> _INSTRUCTIONS TO FOLLOW_
For the entries below, repeat exactly each line starting with the one that contains "toteteca blue pu" and going on through the one that contains "Microsome Isolation Kit Ab206995", and no others.

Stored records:
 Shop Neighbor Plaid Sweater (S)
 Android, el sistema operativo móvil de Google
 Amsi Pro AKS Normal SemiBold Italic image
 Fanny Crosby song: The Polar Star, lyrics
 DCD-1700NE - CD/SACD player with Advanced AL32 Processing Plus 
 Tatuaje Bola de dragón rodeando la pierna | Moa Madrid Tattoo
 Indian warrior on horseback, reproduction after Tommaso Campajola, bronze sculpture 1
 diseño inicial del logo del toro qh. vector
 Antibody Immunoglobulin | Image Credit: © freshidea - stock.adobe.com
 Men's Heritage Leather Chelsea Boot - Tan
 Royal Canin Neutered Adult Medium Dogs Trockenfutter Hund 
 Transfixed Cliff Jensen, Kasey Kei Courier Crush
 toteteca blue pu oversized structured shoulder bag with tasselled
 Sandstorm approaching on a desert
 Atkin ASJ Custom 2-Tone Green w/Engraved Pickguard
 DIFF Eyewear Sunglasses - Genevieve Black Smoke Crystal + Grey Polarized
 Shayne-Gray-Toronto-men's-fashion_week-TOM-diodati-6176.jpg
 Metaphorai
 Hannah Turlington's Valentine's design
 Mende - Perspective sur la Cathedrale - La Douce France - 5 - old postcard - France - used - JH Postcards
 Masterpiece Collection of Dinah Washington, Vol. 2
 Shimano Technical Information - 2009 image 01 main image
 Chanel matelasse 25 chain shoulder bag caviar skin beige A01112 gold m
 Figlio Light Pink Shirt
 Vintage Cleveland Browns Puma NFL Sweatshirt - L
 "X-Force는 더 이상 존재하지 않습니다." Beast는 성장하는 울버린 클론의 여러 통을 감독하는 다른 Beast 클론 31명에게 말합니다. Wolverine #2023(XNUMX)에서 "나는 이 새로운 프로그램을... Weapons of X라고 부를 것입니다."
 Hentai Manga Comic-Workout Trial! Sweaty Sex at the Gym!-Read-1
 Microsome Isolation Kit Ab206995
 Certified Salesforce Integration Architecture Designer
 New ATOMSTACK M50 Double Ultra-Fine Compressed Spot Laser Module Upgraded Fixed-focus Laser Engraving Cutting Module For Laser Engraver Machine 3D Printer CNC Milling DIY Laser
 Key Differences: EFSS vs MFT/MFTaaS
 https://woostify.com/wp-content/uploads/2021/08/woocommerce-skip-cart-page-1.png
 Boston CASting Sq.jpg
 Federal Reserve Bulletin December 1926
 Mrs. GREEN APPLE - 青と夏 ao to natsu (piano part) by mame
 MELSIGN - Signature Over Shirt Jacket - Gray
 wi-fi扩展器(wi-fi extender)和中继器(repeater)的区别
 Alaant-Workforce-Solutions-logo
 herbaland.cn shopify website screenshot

> _FINISHED TASK_
 toteteca blue pu oversized structured shoulder bag with tasselled
 Sandstorm approaching on a desert
 Atkin ASJ Custom 2-Tone Green w/Engraved Pickguard
 DIFF Eyewear Sunglasses - Genevieve Black Smoke Crystal + Grey Polarized
 Shayne-Gray-Toronto-men's-fashion_week-TOM-diodati-6176.jpg
 Metaphorai
 Hannah Turlington's Valentine's design
 Mende - Perspective sur la Cathedrale - La Douce France - 5 - old postcard - France - used - JH Postcards
 Masterpiece Collection of Dinah Washington, Vol. 2
 Shimano Technical Information - 2009 image 01 main image
 Chanel matelasse 25 chain shoulder bag caviar skin beige A01112 gold m
 Figlio Light Pink Shirt
 Vintage Cleveland Browns Puma NFL Sweatshirt - L
 "X-Force는 더 이상 존재하지 않습니다." Beast는 성장하는 울버린 클론의 여러 통을 감독하는 다른 Beast 클론 31명에게 말합니다. Wolverine #2023(XNUMX)에서 "나는 이 새로운 프로그램을... Weapons of X라고 부를 것입니다."
 Hentai Manga Comic-Workout Trial! Sweaty Sex at the Gym!-Read-1
 Microsome Isolation Kit Ab206995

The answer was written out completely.